Sara: "Oh God, not a 90's 'Not' joke."
Ray: "It's like comedy comfort food."

When Legends of Tomorrow embraces a pastiche episode, it embraces the hell out of that pastiche episode. Welcome to 1995, campers.

I need to get this out of my system right up front. How is 1995 already a nostalgia-worthy historical period? 1995 was like five minutes ago. Also, my sciatica is acting up and those neighborhood kids won't stay off of my lawn. Damn, but middle age does sneak up on you.

OK, my suddenly being elderly aside, this week the Legends go to camp, in an episode that's unsurprisingly a fond pastiche of both Wet Hot American Summer and the summer camp movies of the late 70s and early 80s of which Wet Hot American Summer was itself a loving pastiche.

Look, the thing about doing this sort of thing is that your response as a viewer is largely dependent on your own feelings about the source material. Last season, in the exact same spot of the running order now that I think of it, they gave us their Steven Spielberg riff, 'Phone Home.' While I'd like to think that my overwhelmingly positive response to 'Phone Home' was all down to the way they used Spielberg's own themes of Innocence v. Cynicism and used them to mirror what was going on with the Legends at the time, I'm forced to admit another possibility. It's arguable that having been an eight-year-old boy at the time E.T. was released might have just meant that a Spielberg riff pushes all of my happy nostalgia buttons and they had me at hello.

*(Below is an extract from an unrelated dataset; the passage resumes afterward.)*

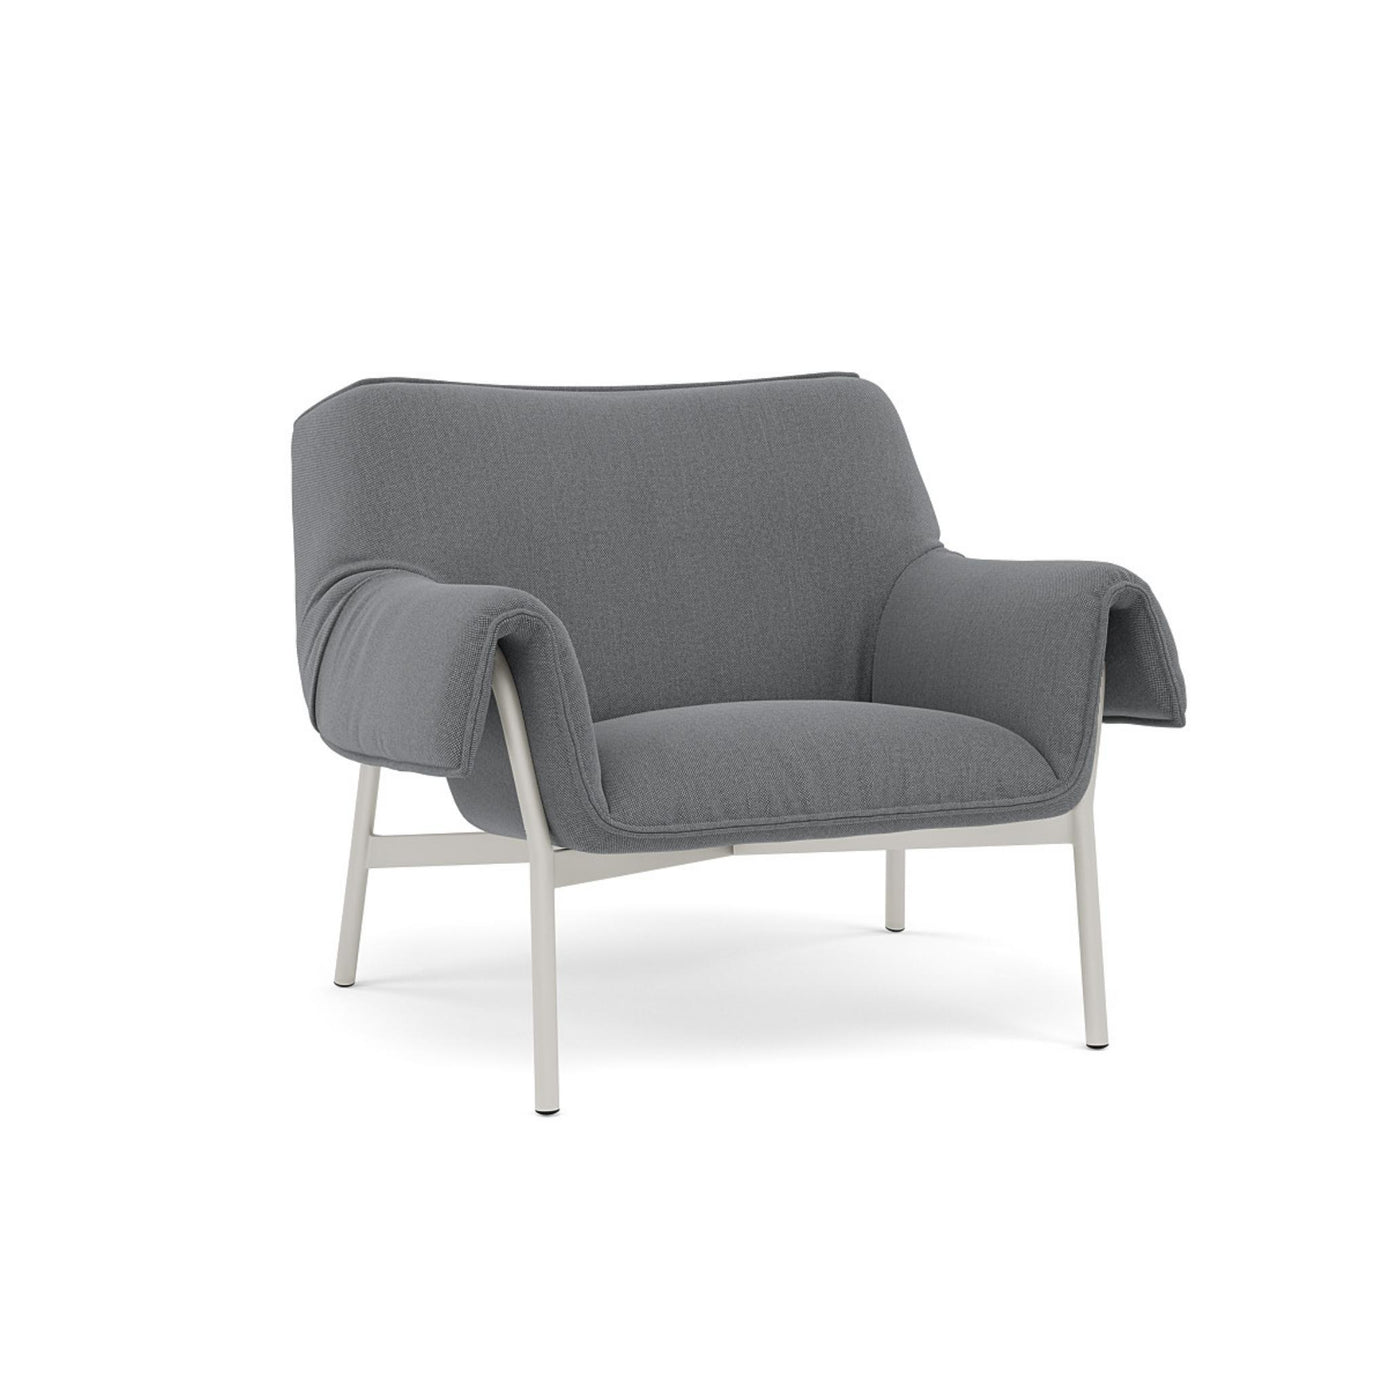 Muuto Wrap Lounge Chair. Made to order from someday designs. #colour_re-wool-158

What I'm getting at here is that I totally missed the movie Wet Hot American Summer when it came out, and so I don't really have a strong connection to it. And I strongly suspect that that hindered my enjoyment of a lot of this week's episode. I have seen it once, about two years ago, and thought, 'Oh, that's what that's all about.' The same is actually true of the film Mean Girls, which I think also got a little shout out this week that I didn't properly appreciate.

So, for those in the same boat as I am, Wet Hot American Summer is a movie released in 2001, which is set in 1981 at a fictional summer camp.  It's structured as a series of vignettes involving a large number of characters, showing a lot of little incidents that happened at the camp, none of which make a really linear 'story' but which instead all add up to a sort of 'sum of its parts' view of the camp. The point isn't really taking a character from point A to point Z, the point is to bounce back and forth between a lot of characters, some of whom are going from point A to Point B, some from Point J to point R, and others happily hanging out at point E and smoking pot while trying to get laid. It's different type of storytelling, and it's a hard one to seamlessly blend with a TV series that needs to continue telling its season long storyline.

To give the Legends staff credit, they mostly pull it off, barring one or two awkward places where the seams show. For example, the incident of the Lake Beast, where Ava gets pranked into falling into the lake at night, is exactly the sort of mini story that would happen in that sort of film, and it totally works here. What works less is Sara and Ava beating the innocent Camp Director into unconsciousness and leaving her body in the woods to die just because the episode is done with the fake-out about who the demon really is. This is because, in the first example, the tone of the scene and what we know about how the characters are working with one another. In the second, they clash violently. Sara has just attacked an innocent, if unpleasant, woman and left her in the woods. The Sara and Ava we know would care about that. But while the type of serialized storytelling Legends usually uses would address that, a vignette comedy structure would absolutely shrug it off and move on to setting up the next scene or gag. Which, again, is fine. It's a perfectly valid form of storytelling. It's just seated a little discordantly here because it jars with what we're used to.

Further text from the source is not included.